The "founded in" problem
AI frequently hallucinates founding dates, funding rounds, or team members for mid-market brands. This isn't just trivia — it affects perceived credibility and recommendation confidence. Accuracy here requires active Wikipedia maintenance and authoritative content.
Across 50+ brand audits, the median score is under 20 out of 100. Most brands are invisible in at least two of the four major platforms, and even the brands that score well on "mentioned" score poorly on "cited with link" — which means they appear in AI answers but without a direct path back to their website. That's a conversion leak.
From Audit to Action
The audit tells you where you stand. The next question is what to do about it.
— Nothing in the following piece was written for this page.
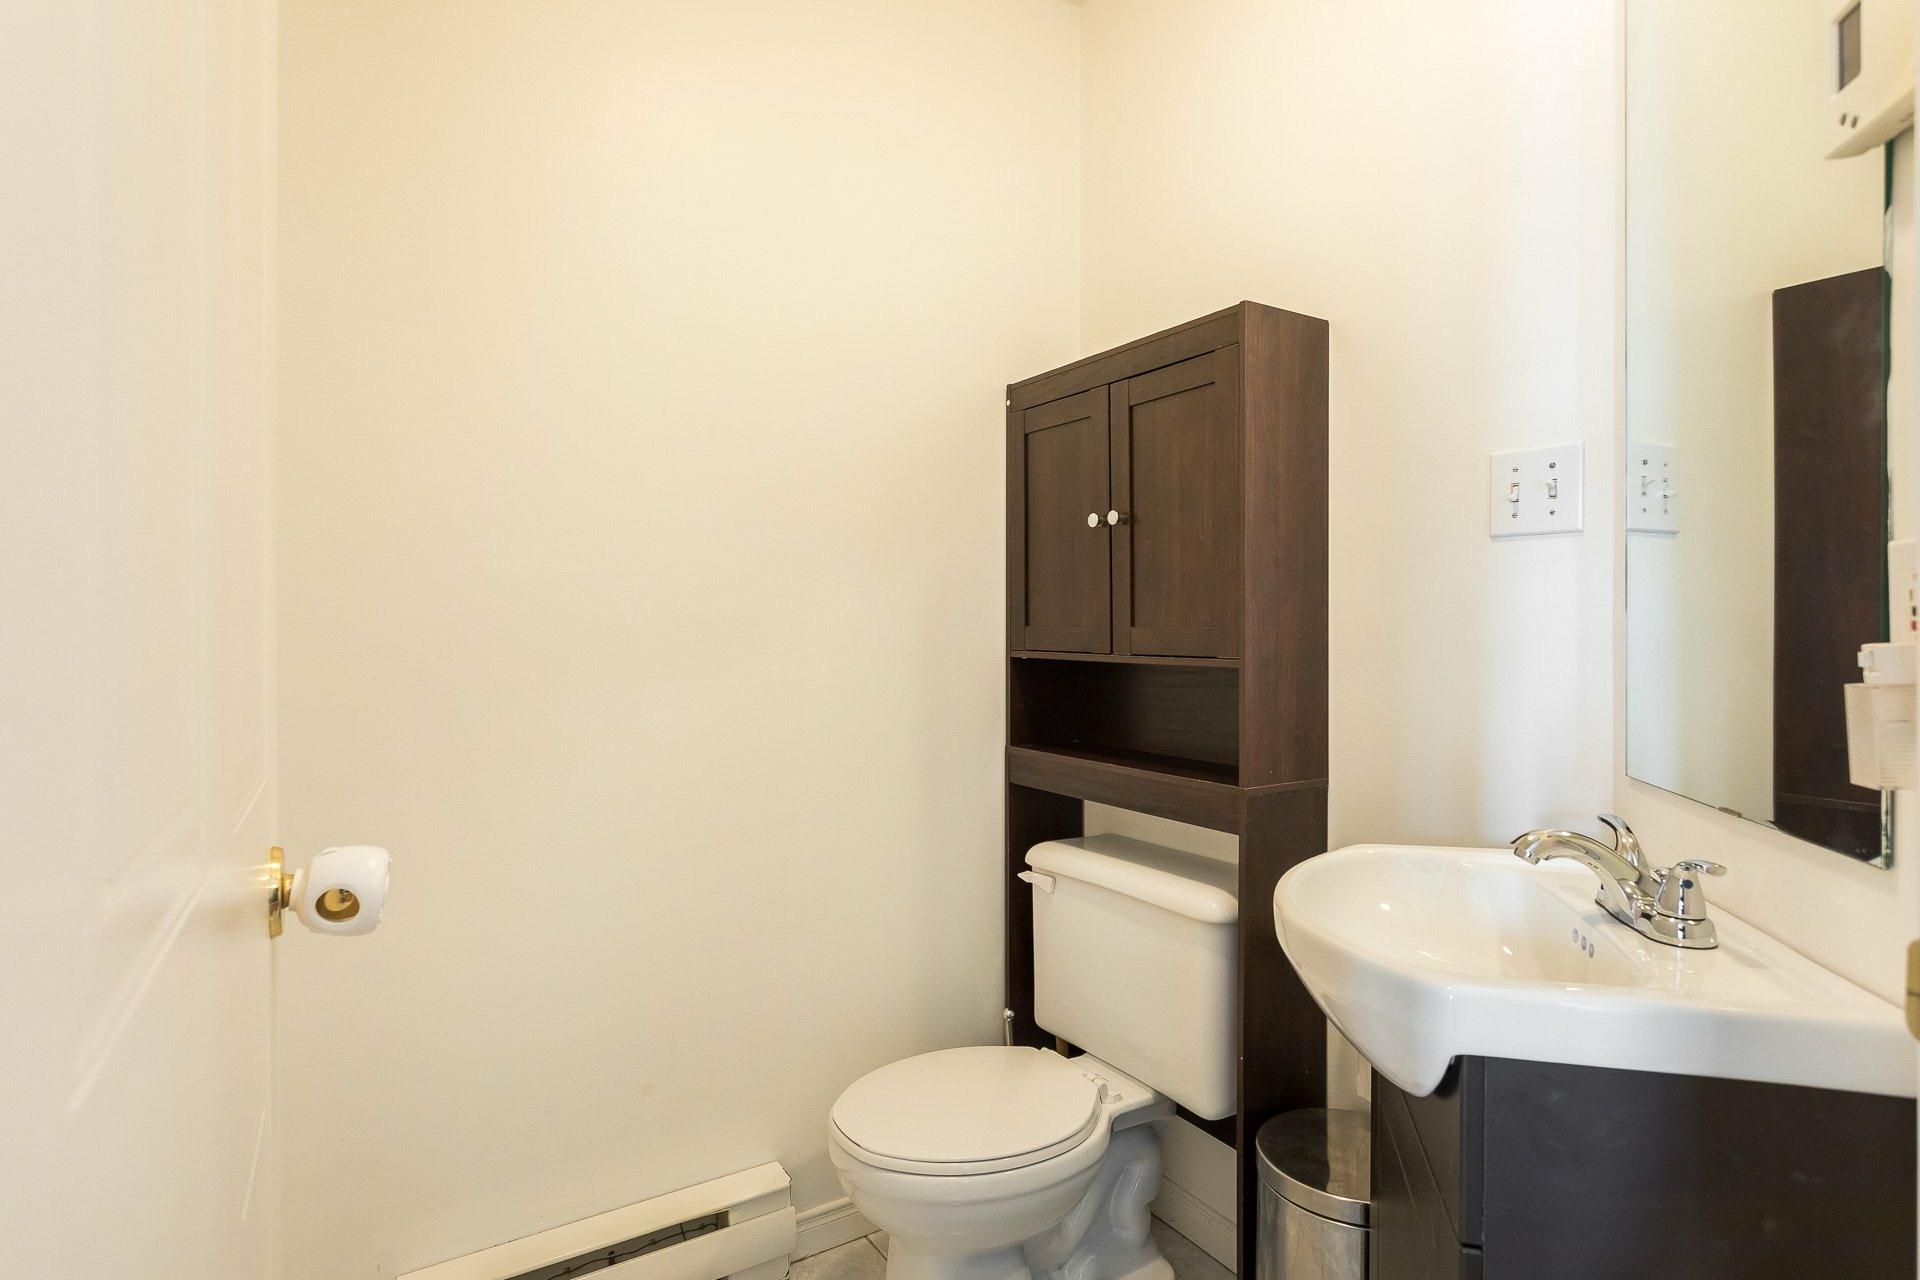 image 5 - House For sale Rivière-des-Prairies/Pointe-aux-Trembles Montréal  - 9 rooms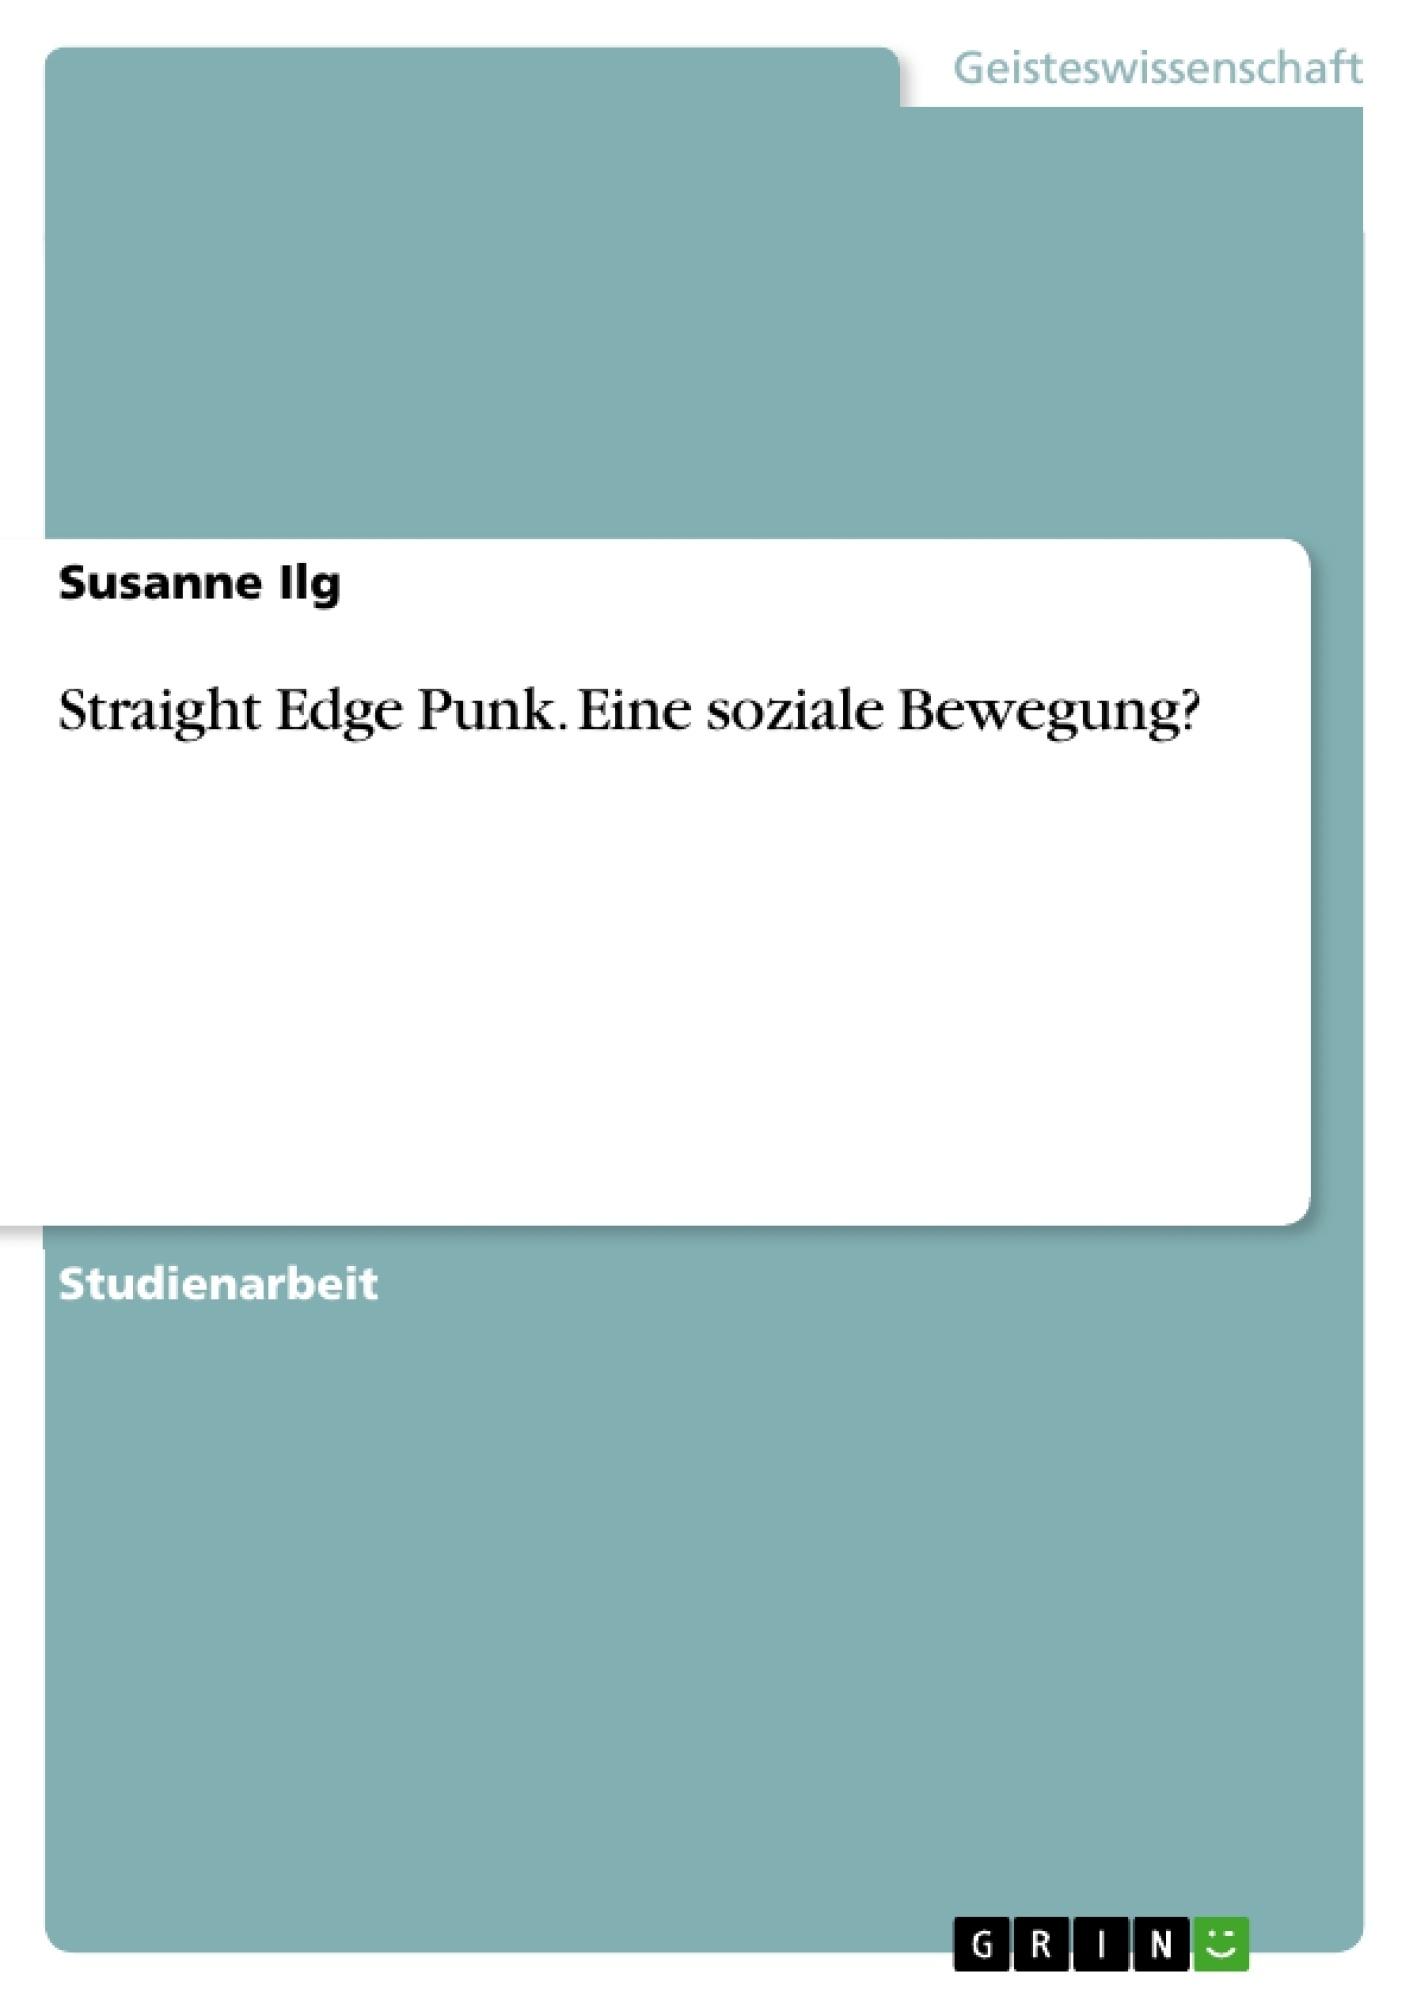 Titel: Straight Edge Punk. Eine soziale Bewegung?

AI platforms cite brands that appear in structured data, authoritative backlinks, community mentions, review platforms, and press coverage. The signals are specific and buildable — there's no mystery to it, just work. Brands that score poorly on the audit have a clear improvement path: study the patterns of brands that score well, then engineer the same signals.
The first thing most brands discover after running the manual audit: it's tedious. Four platforms, consistent queries, recording results. It's also revealing — you now know exactly where you stand, which is worth the 30 minutes.